**Exercise brief:**
Which lines below include "from"? Copy them all.

━━━ Data section

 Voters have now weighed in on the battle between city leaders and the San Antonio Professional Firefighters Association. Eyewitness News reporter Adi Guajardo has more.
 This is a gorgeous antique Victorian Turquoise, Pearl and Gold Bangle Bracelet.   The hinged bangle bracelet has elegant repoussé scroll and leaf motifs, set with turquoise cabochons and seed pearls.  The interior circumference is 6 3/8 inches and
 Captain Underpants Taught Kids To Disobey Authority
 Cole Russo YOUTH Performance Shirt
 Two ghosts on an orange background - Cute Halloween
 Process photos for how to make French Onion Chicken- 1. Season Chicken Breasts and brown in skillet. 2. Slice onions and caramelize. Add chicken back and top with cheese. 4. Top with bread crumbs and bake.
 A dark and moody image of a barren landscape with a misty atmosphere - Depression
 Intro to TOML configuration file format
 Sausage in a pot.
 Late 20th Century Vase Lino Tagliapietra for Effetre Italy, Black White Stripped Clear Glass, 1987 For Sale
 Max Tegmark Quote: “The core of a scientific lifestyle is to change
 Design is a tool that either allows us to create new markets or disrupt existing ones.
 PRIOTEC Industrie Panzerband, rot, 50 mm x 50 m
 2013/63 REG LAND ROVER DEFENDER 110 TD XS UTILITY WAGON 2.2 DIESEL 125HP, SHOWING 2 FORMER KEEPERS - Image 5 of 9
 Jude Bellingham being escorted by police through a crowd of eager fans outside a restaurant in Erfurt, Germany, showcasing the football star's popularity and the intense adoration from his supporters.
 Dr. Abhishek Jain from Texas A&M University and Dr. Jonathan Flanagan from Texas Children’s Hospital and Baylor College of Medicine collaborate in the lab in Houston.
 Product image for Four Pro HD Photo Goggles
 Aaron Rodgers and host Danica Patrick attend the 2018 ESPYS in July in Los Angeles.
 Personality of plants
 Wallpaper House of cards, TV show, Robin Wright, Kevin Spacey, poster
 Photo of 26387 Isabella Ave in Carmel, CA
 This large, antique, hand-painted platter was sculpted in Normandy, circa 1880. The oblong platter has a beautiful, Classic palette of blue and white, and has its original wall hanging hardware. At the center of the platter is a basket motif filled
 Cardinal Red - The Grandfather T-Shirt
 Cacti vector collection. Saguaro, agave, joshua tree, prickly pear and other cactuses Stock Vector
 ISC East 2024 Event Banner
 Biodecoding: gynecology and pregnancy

━━━━━━

**Response to the task:**
 Jude Bellingham being escorted by police through a crowd of eager fans outside a restaurant in Erfurt, Germany, showcasing the football star's popularity and the intense adoration from his supporters.
 Dr. Abhishek Jain from Texas A&M University and Dr. Jonathan Flanagan from Texas Children’s Hospital and Baylor College of Medicine collaborate in the lab in Houston.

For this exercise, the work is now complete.